The development of natural-language processing, or the ability of computers to respond to commands or other inputs couched in ordinary English, has been one of the central challenges of computer science, and one closely related to the issue of artificial intelligence (Goshawke, Kelly, and Wigg, 1987). The general problem of natural-language processing has not yet been solved, but elements of natural-language processing have been employed in a highly useful category of applications known as expert systems.

When the first electronic digital computers were introduced in the late 1940s, their ability to swiftly perform elaborate sequences of calculations--for example, predict the trajectory and control the flight of a rocket--fascinated both specialists and the general public.
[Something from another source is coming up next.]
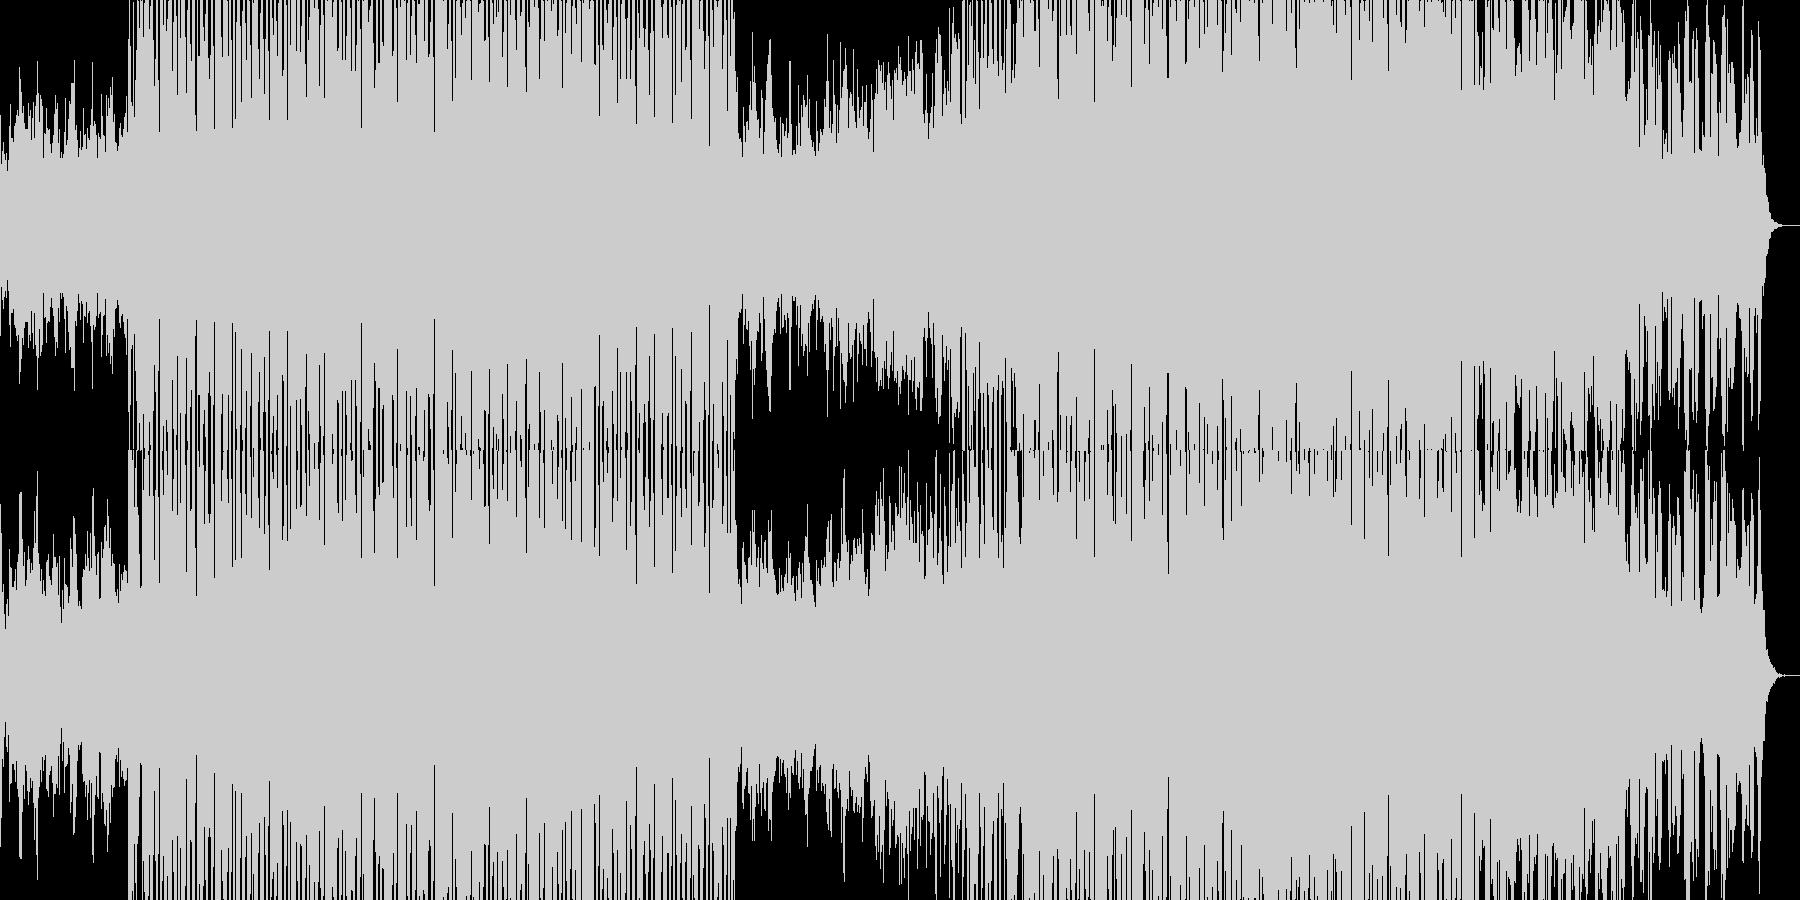 明るいチルアウトミュージック。の未再生の波形

Their computative abilities, in some respects superhuman, seemed suggestive of human intelligence as the capabilities of no previous machines had been, and early computers (though no faster or more powerful, in fact, than a present-day programmable pocket calculator) were sometimes referred to as "giant electronic brains."
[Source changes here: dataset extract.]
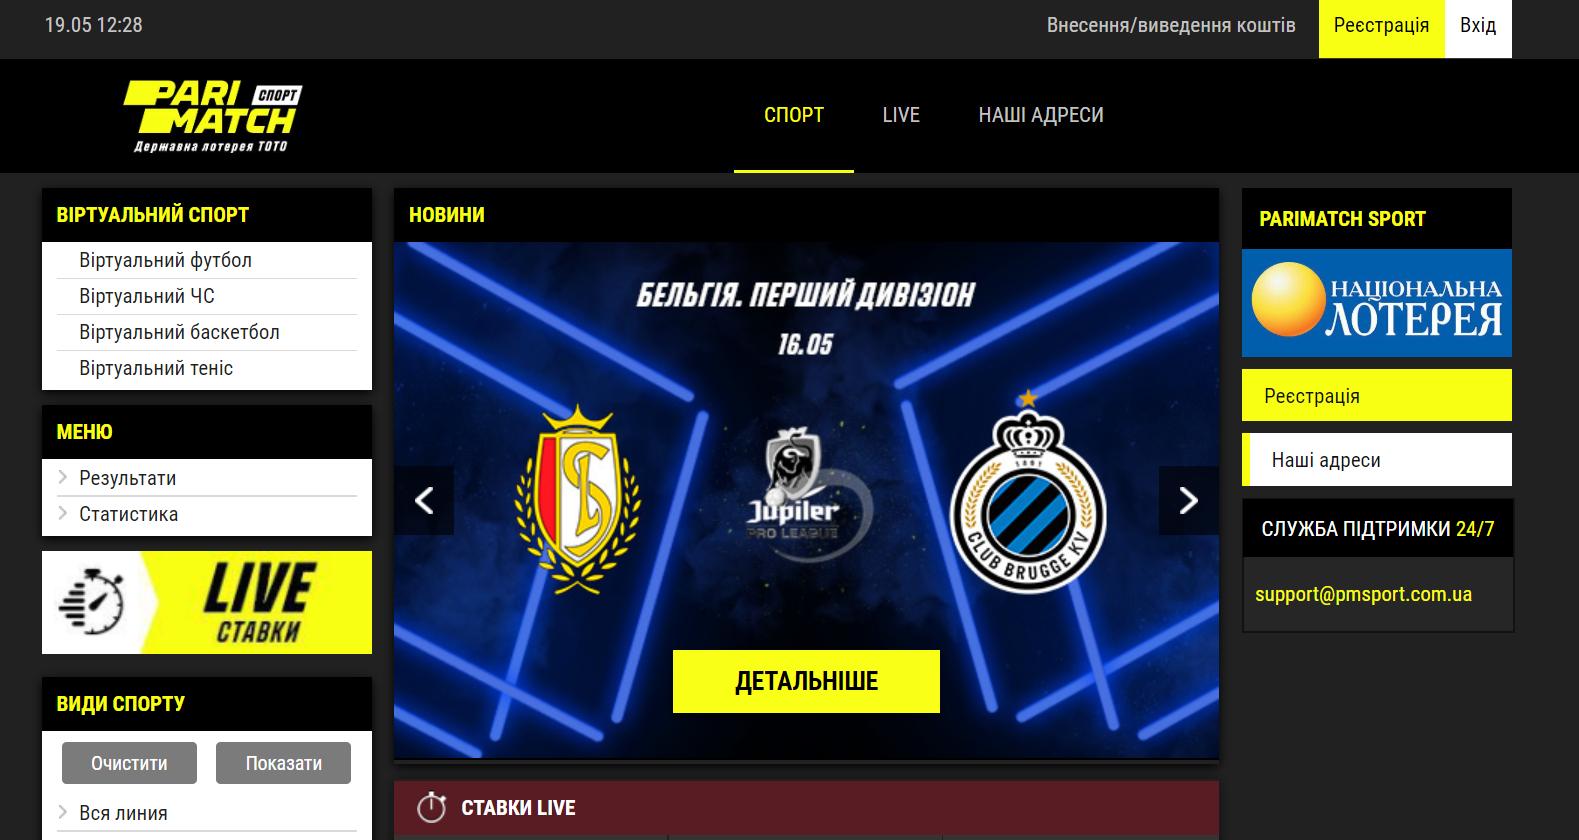 Онлайн-ставки на спорт в БК Париматч

By the 1950s, serious efforts were underway to adapt computers to the task of interpreting ordinary language, or as it was formally called, natural language. A variety of motives, theoretical and practical, lie behind these efforts. On the most theoretical level, natural-language processing was major feature, perhaps the central feature, of artificial intelligence (AI). The classical definition of AI was the so-called Turing test, which held that a machine must be regarded as intelligent if a person communicating, say, via keyboard, could not tell if the responses he or she received came from a man impersonating a woman or from a machine impersonating a man impersonating a woman (Schank, 1984, pp. 58-59). (The roundabout procedure was perhaps intended to introduce a necessary element of deception; after all, a computer, however int...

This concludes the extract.